The thing about funerals is that they are NEVER about the deceased, but about the survivors and THEIR grief. The service is about THEM and dealing with THEIR loss. Which explains why every service becomes a religious festival designed to make THEM feel good.

 

Fuck you. You're dead already. This is about them now.

 

This is a common opinion (it seems) but one which disturbs me and I have to reject.

 

See, while I agree that the funeral (memorial) is for the people of the deceased... it is about the deceased and the survivor's memory of the deceased. They are there to remember the person who is dead and to come to terms with that person's death.

 

Imagine if you would a person standing up at your funeral and telling all your relatives, "He's raping babies in heaven now." This statement, which (hopefully) is completely against your character, sullies the memory of you (the deceased).

 

And while it may be comforting for people to hear that their loved ones are in heaven with Jesus, it is an insult to the memory of that person if it goes against everything they stood for.
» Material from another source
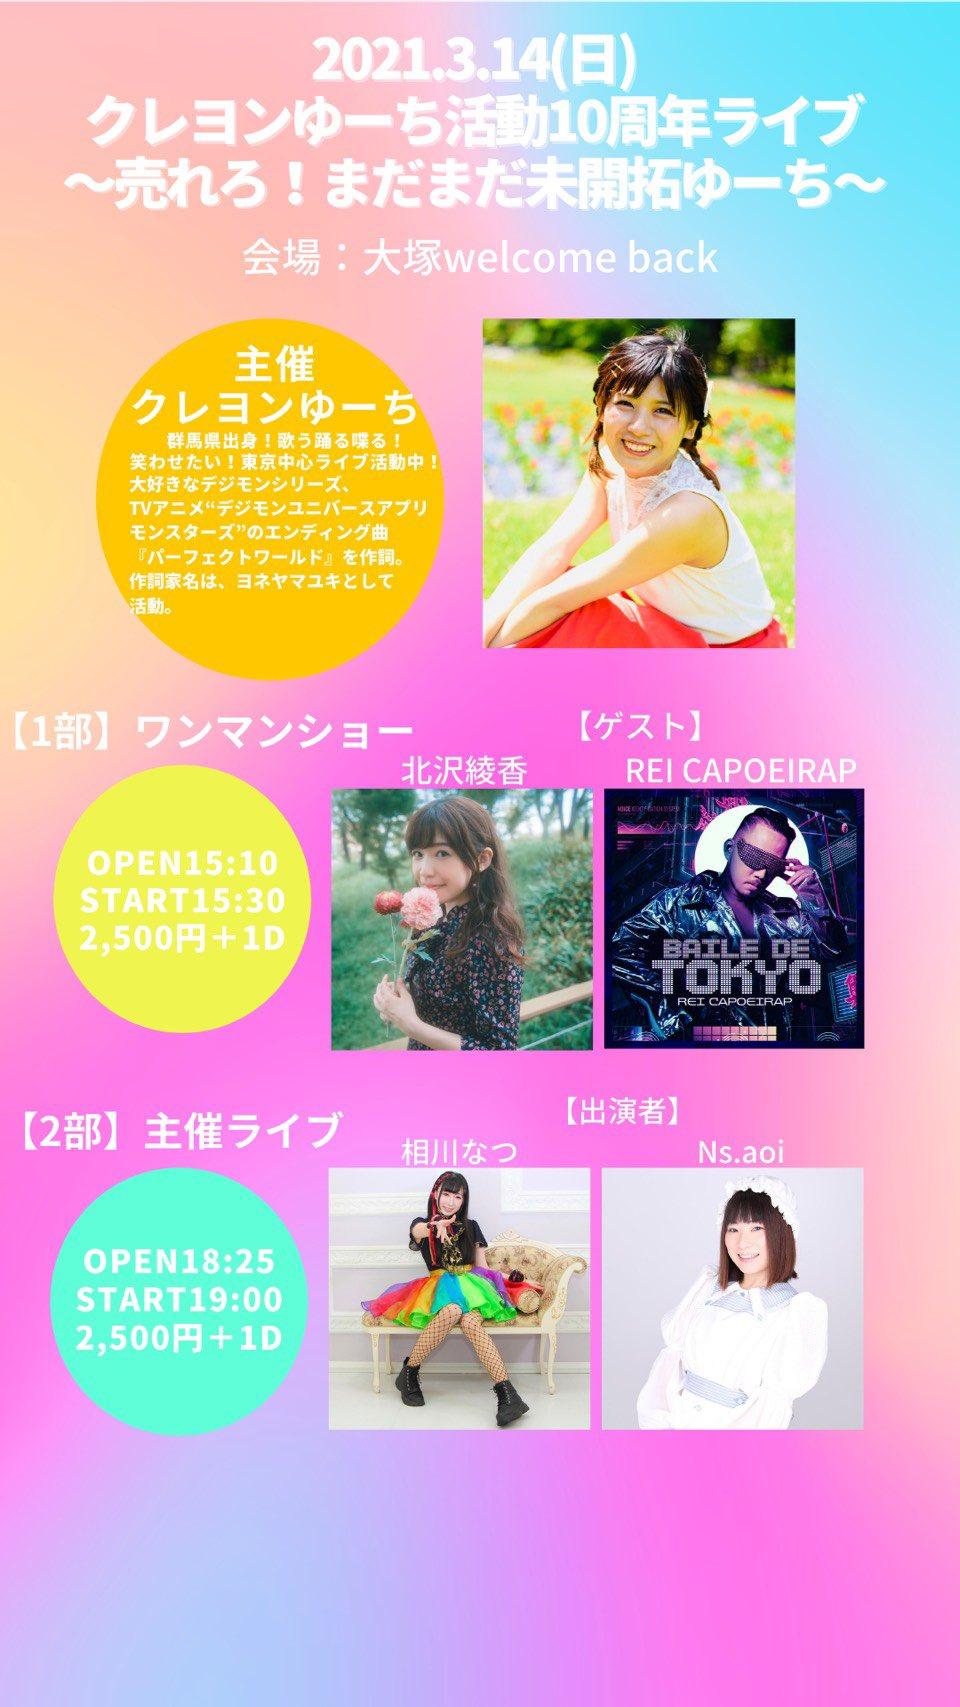 3月14日(日)「クレヨンゆーち活動10周年ライブ~売れろ!まだまだ未開拓ゆーち~」に出演します!!!

It's like the Beef industry giving the eulogy for the founder of PETA (she's an asshole and deserves it but that's not the point). To take the memory of a person who lived their life openly and clearly based on their belief that Christianity was not true and sully it with a ceremony which contradicts that is just disgusting.

 

Now, it's not like we should be defining ourselves based on our lack of belief but for such rejected beliefs to be usurped on us after death for a comforting (albeit false) feeling in those who loved us... well it doesn't sit right with me.

 

When my father (an openly irreligious and non-Christian man) dies it would be harmful for my memory of him if the last formal ceremony regarding him was infused with the very thing he detested. Sure, if he changes his mind -- as Christians wish -- then fine, he can have a ceremony which reflects his beliefs at the time of his death. But when he doesn't, and I speak from experience that he won't, it is massively disrespectful to insult his memory in those of us who loved him for what he was and not because he believed in a particular fairy tale.

 

I have the same issue with pretend psychics (is there any other kind?) who claim to talk to the dead and just confuse the memory of the departed for those who are dealing with the loss.

 

My funeral is about how I wish to be remembered. Just as much as it is a time for people to deal with their loss.

 

--

As for how I would like my ceremony to be... more tomorrow in the afternoon. I need to get to bed now.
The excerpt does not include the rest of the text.